Adapted from Launikonis. B. S., et al. (2010) Schematic diagram of a mammalian skeletal muscle sarcomere showing SR (in red) and SOCE (in green) fluxes during EC coupling. Note that the arrows are drawn relative to the size of the respective fluxes. SOCE delivers Ca²⁺ to the junctional space only and cannot replace the role of SR Ca²⁺ release in activating the contractile apparatus. t-sys, t-tubule; tcSR, SR terminal cisternae; lSR, longitudinal SR.

However, an increasing number of studies have shown evidence of SOCE involvement in limiting muscle fatigue. Although fatigue being a very complex phenomenon not fully understood, SOCE would act at 2 levels 1) it would balance Ca²⁺ efflux from cytoplasm that occurs during prolonged excitation contraction because of NCX and PMCA activity and 2) as ionic conditions (such as Ca²⁺ precipitation due to increased inorganic phosphate) are altered under strenuous stimulations, SOCE would compensate the decreased ability to SR for taking up Ca²⁺ (Cully and Launikonis 2013). These considerations are consistent with muscular weakness and myopathies that characterize human patients harboring loss-of-function mutations in either orai1 or stim1 gene (Lacruz and Feske 2015). Moreover, one common feature of global and muscle specific STIM1 KO mice (Stiber, Hawkins et al. 2008, Li, Finch et al. 2012) or dominant negative Orai1 mice (Wei-Lapierre, Carrell et al. 2013) is an increase susceptibility to fatigue demonstrated by in vivo endurance test as well as ex vivo assays on muscle fibers. Measurements with muscle fibers from heterozygous Stim^-/+ or Orai1 dominant negative mice show comparable phenotype with decreased force production associated with decreased Ca²⁺ transients compared to WT upon tetanic stimulations (Stiber, Hawkins et al.

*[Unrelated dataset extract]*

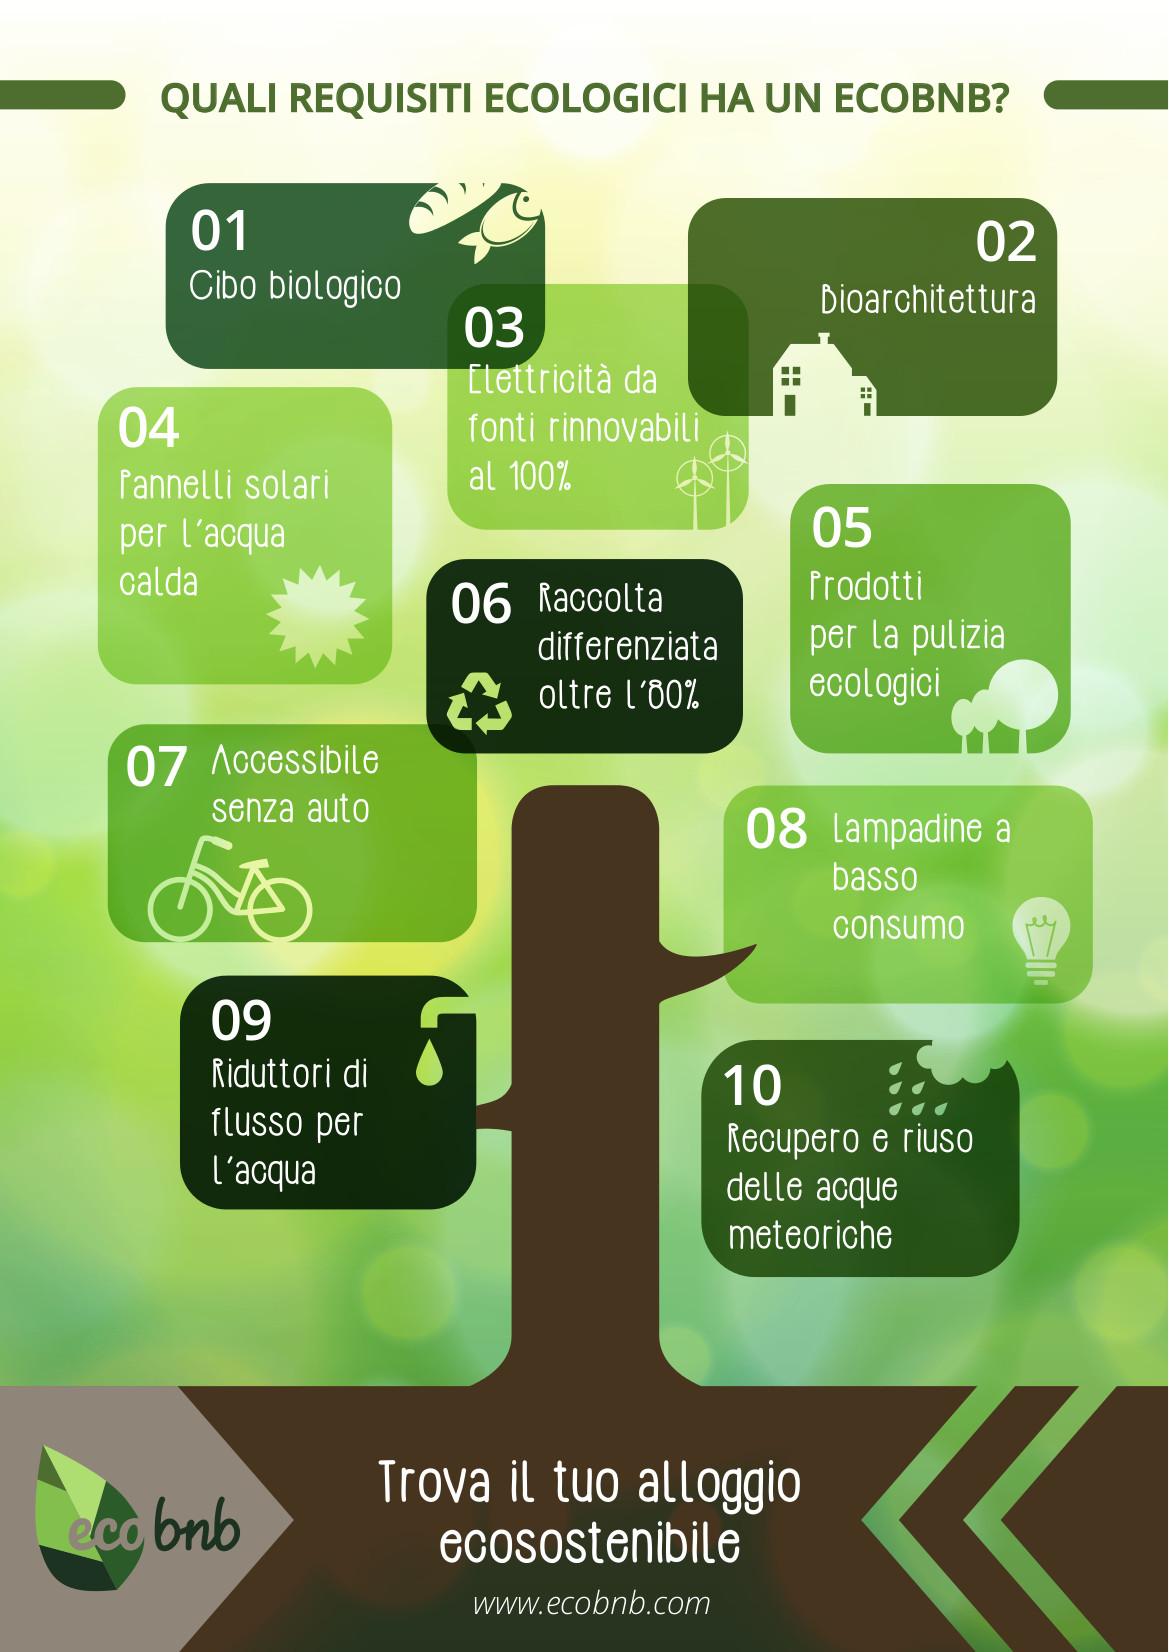 Requisiti ecologici di un Ecobnb

2008, Wei-Lapierre, Carrell et al. 2013). However, as mentioned previously SOCE is implicated in muscle development as humans and animals with impaired SOCE show decreased muscle weight associated in some instances with features of myopathy. In such conditions, it is difficult to assign the increased muscle weakness and susceptibility to fatigue to impaired muscle development or altered muscle function. To definitively resolve this question, Carrell and co-workers evaluated muscle force and fatigue in tamoxifen-inducible, muscle-specific Orai1 KO mice (Carrell, Coppola et al. 2016). At 4 month of age, mice were injected with tamoxifen and Orai1 transcript and SOCE efficiency assessed one month later. In these conditions, SOCE was decreased by 80% without any alteration in muscle structure (CSA, fiber type distribution, MyHC content). Interestingly, tamoxifen-injected mice behaved similarly to control during endurance tests and results from ex-vivo measurements of force production on isolated muscle were comparable between KO and WT. As the defective phenotype with increased susceptibility to fatigue identified in constitutive Orai1 KO mice was not recapitulated in adult mice after acute Orai1 deletion, it is likely that muscle fatigue associated with impaired SOCE (both in mice and human) is due to muscle developmental malformations rather than defective Ca²⁺ handling and more precisely SR refilling.